— Приходи, Васёнушко, ко мне. Девки-то на праздник в моей избе беседу собирают! — Укладывая на голову поверх платка шаль, одной ей шепнула: — Всё брось, а приходи. Радость тебе готовлю…
Лесник Красношеин вышел из-за стола, встал, покачиваясь, рядом с Васёнкой.
— Как же это вы, Авдотья Ильинична! Её зовёте, а до меня ваша доброта не доходит? Или я для гуляния негож?..
Он покачивался с носков на пятки, заложив руки в карманы штанов, смотрел на уже укутанную в шаль Грибаниху хмельными улыбающимися глазами. Васёнка опустила голову, не смея шепнуть бабе Дуне своё слово.

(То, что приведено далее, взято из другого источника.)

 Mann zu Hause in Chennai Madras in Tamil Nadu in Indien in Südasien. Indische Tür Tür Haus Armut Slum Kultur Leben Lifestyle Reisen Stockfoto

Грибаниха из-под надвинутого на лоб платка покосилась на поникшую Васёнку, на отяжелевшее от сытости лицо лесника, лукаво засветились её глаза.
— Ну, что это ты на себя наговариваешь, Леонид Иванович! — сказала она, как будто в огорчении всплеснув руками. — Гож ты, гож для гулянья, сокол перелётный! А не зову я тебя потому, как ты уж зазван. Девки сказывали, к Феньке ты гостевать собрался!..

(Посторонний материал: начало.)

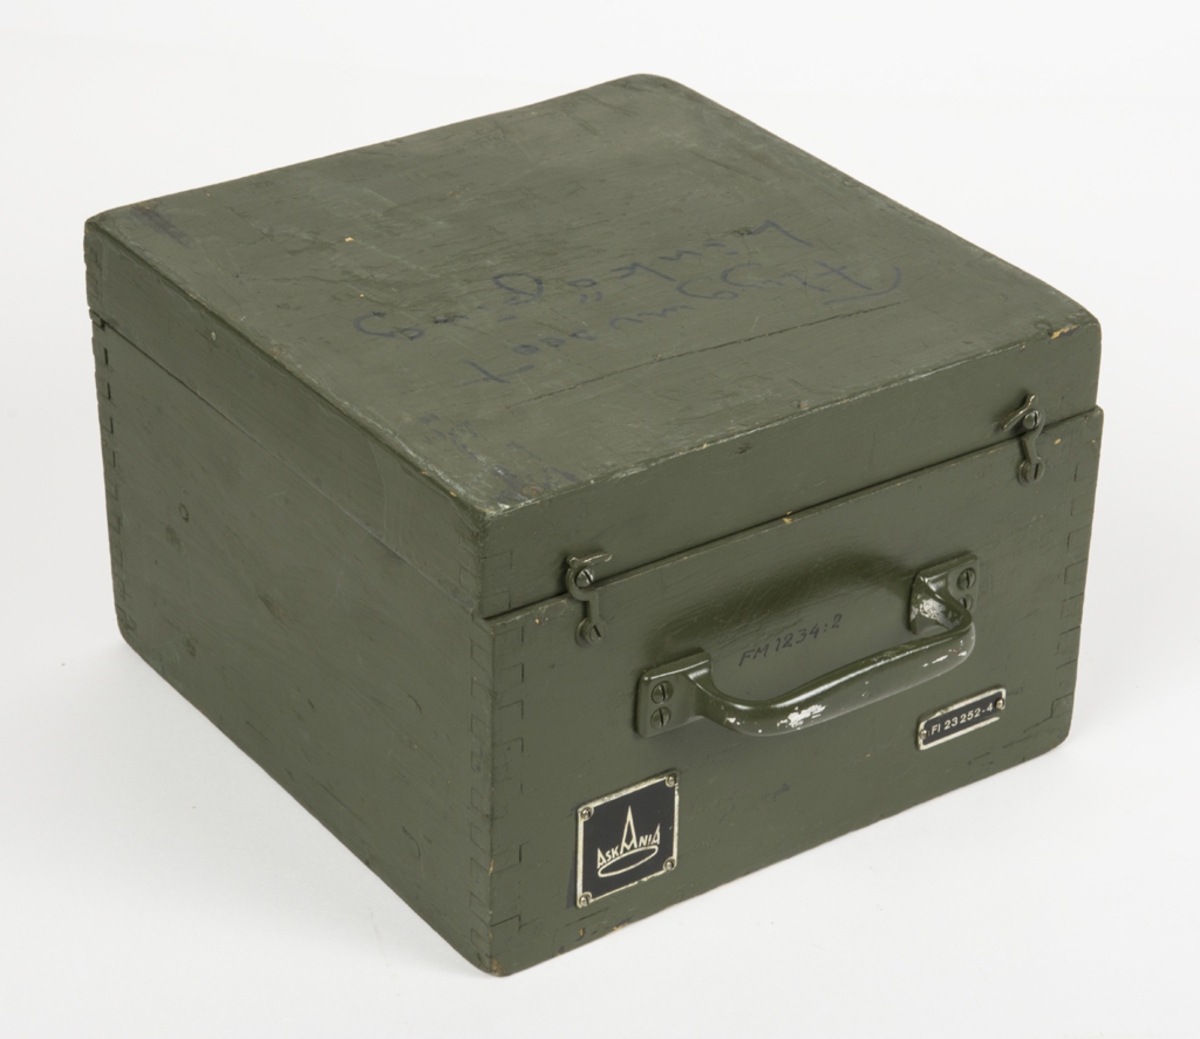 Askania devieringsinstrumentet för kompasser. Förvaras i en grön trälåda. I locket finns en fastklistrad innehållsförteckning och bruksanvisning på tyska. Lådan är försedd med ett bärhandtag. I lådan ligger även fastsättningsanordning.

Красношеин перестал качаться, оглянулся в неожиданной оторопи на Гаврилу Федотовича, на Капитолину.
— Ты, бабка, не того… — сказал он сразу охрипшим голосом. — Дура сболтнула, ты по домам носишь!
— Так ведь, Леонид Иванович, все на людях живём!.. Ладно, уж, не серчай на старую!.. — Она обняла, потрепала по спине Васёнку, за руку попрощалась с Витькой, Зойкой, молчаливую Машеньку погладила по густой копне волос и ушла.

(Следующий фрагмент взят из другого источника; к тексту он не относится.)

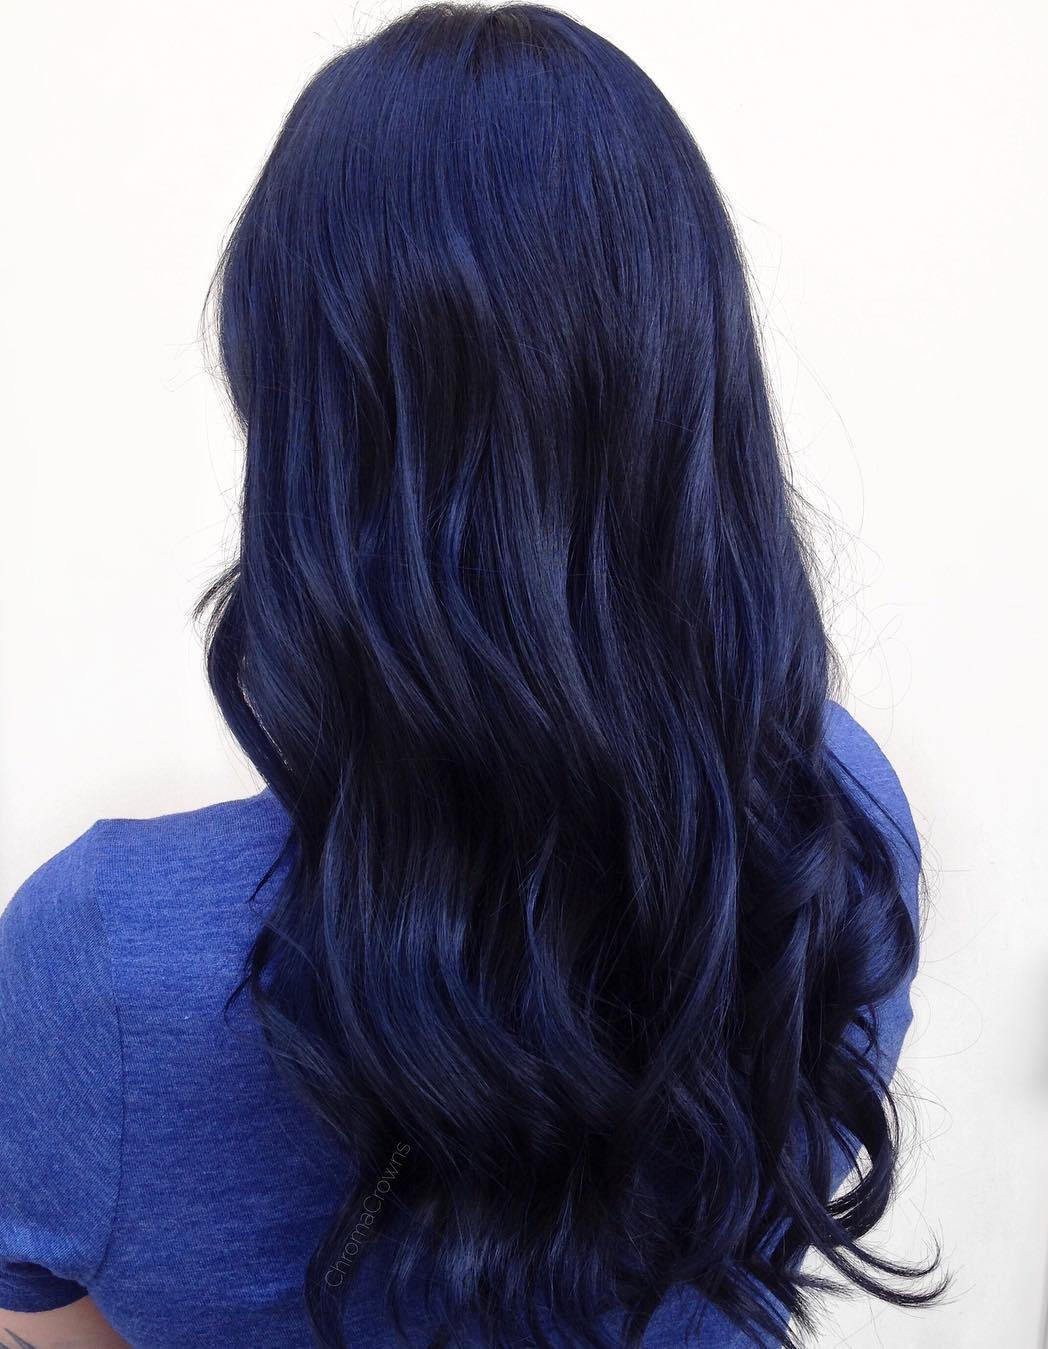 长长的蓝黑色头发

Все слушали, как Грибаниха прошла сенями, спорыми шагами спустилась с крыльца. Когда шагов не стало слышно, Капитолина будто очнулась.
— Ишь, набрякала костями! Хоть бы сказала чего путное… — Она поддёрнула рукава платья на тугих коротких руках, ухватила бутыль. — А ну, чтоб на том свете с ней не повстречаться!..
— Погоди! — Гаврила Федотович поднял разлохмаченную голову, щурясь, будто не узнавая, смотрел на лесника. — Как это она сказала?.. Ты, говорит… А? Сама одна, как… А чем в меня тычет?!
Красношеин почесал затылок, грузно подсел к столу.
— Ладно, друг Гаврила Федотович. Замоем наши скорбные чувства.
Все трое сдвинули над столом руки, кружки звякнули. И Васёнка, услышав этот дружный звяк, задрожала. Быть за столом она больше не могла. Оделась, зажгла фонарь.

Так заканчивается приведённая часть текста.